We share the opinion of market observer Alfonso Peccatiello, he in this interview explains: «I am still of the opinion that the motto Don’t Fight the Fed applies in both directions – both with loosening and with tightening.”

We consider the hope of a soft landing to be an illusion. The danger is very high that the Fed’s monetary policy braking maneuver will lead to a recession.

But why is the combination of rising interest rates and a recession actually so detrimental to share prices?

To answer that question, we just need to take a quick look at what actually drives a company’s stock performance (and, at the aggregate level, the stock market as a whole). Put simply, there are only two:

  • The company’s profit growth
  • The change in rating

That’s it. Not more. For the total return on a stock investment, the annual dividend payout is added, but we’ll leave that out for the purposes of our discussion, since the dividend is a function of company earnings.

So let’s say Company X manages to grow its earnings per share like clockwork by 8% year over year. And further assume that its valuation is sticky and its price-to-earnings (P/E) ratio is, say, flat at 15 year over year.

In this case, Company X’s share price would have to increase by 8% every year.

Of course, the assessment is not rigid. It varies significantly with market participants’ expectations of Company X’s long-term growth prospects and the interest rate used to discount expected future profits into the present.

Now suppose that Company X’s earnings growth continues at 8% per year, but its valuation increases by 10% per year because investors are becoming more optimistic about its long-term prospects and/or the discount rate continues to fall. So Company X’s P/E ratio would be 15 in the first year, 16.5 the next year, 18.15 in the third year, etc.

This year, the company’s share price would rise 18% year over year — 8% thanks to earnings growth and 10% thanks to valuation expansion.

Here is a rudimentary summary of the concept using a concrete example from the construction chemicals manufacturer Sika:

  • In the ten financial years between 2011 and 2021, Sika increased its earnings per share by an annual average of 16.6% (from CHF 1.42 in 2011 to CHF 6.60 per share in 2021).
  • Sika’s price-to-earnings ratio has increased from an average of 15.3 in 2011 to an average of 51.6 in 2021. This corresponds to a valuation expansion of 15.3% per year.

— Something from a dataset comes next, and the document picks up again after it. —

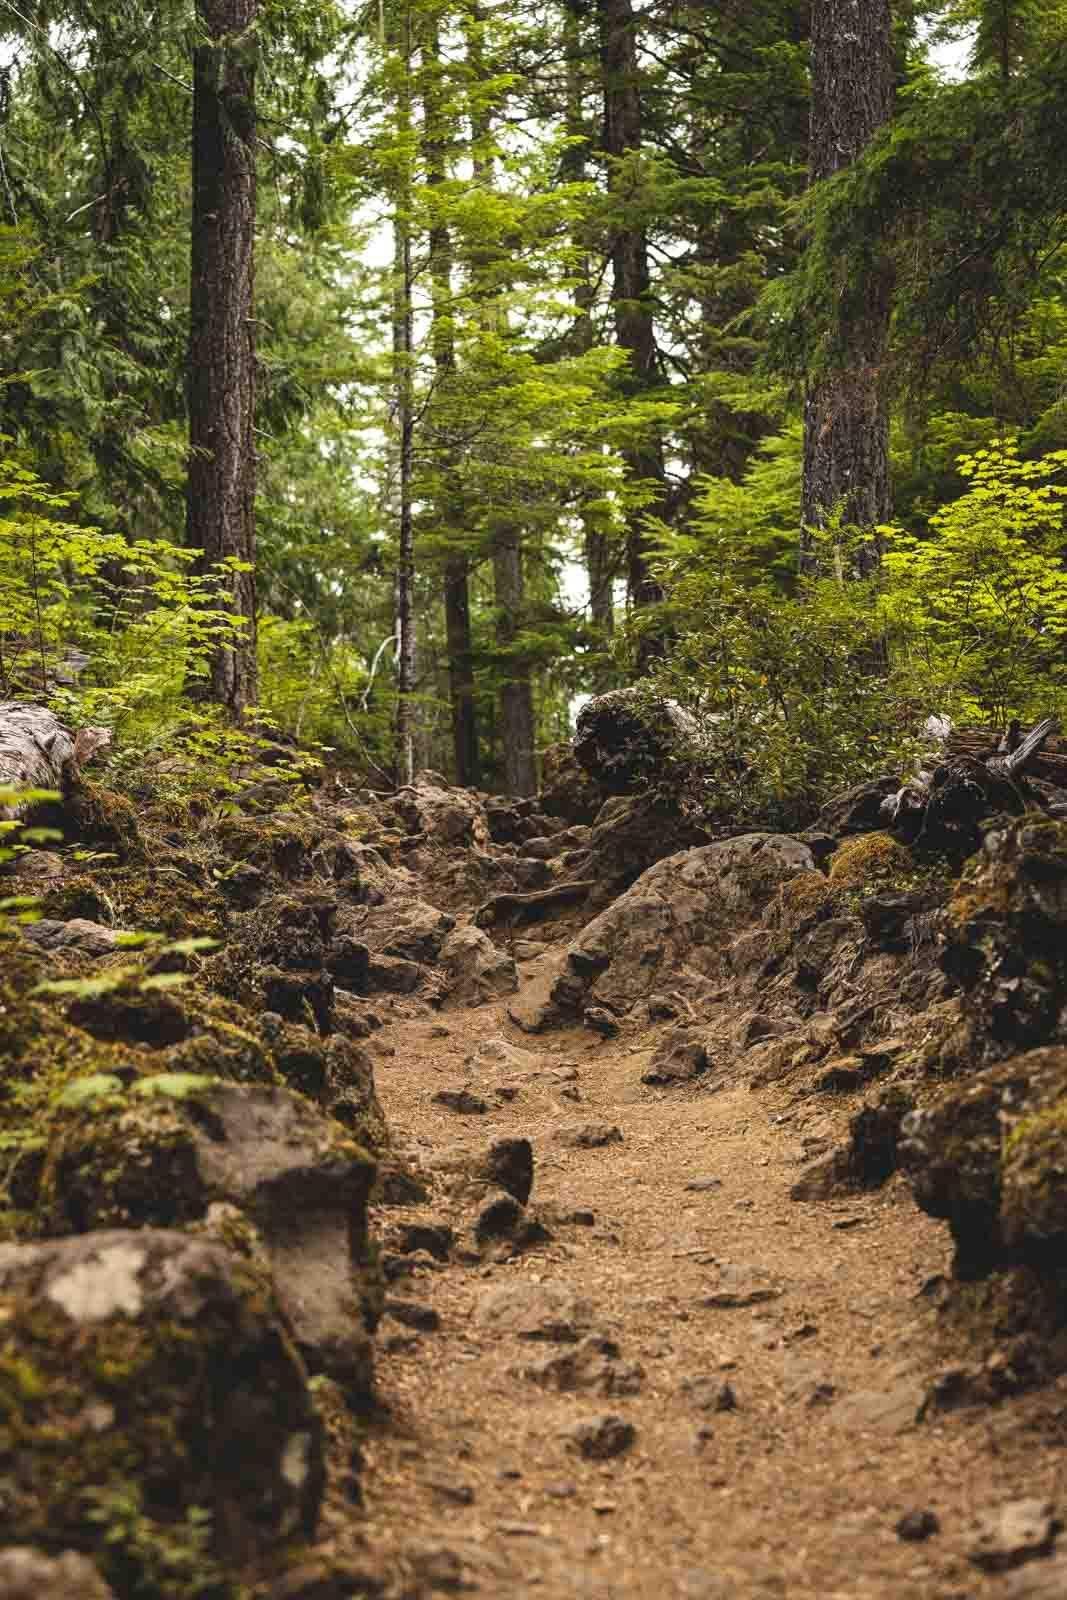 McKenzie River Trail through the woods

The result of these two drivers was this price development:

So far so good. This is the most beautiful of all combinations: profit and rating increase.

However, these two influencing factors – profit and valuation – do not always move in the same direction. For example, profit may increase and valuation may decrease. In this case one speaks of a valuation contraction. Or (rarely though), profit can go down and valuation can still go up.

However, the worst combination of the two drivers is when earnings per share fall and when at the same time valuations are shrinking – and that is exactly what happens in an environment of recession and rising interest rates.

The next six to twelve months will therefore be extremely exciting on the markets. Either it will become clear that Fed Chair Powell is actually having a “Volcker moment” and is provoking a hard landing and recession. Or he will give in at some point and break off the experiment of tightening monetary policy. In the first case, a slump in the stock market is inevitable. In the second case, the bull market can continue.

The switch – Scenario A or Scenario B – will be decided in the Fed boardrooms.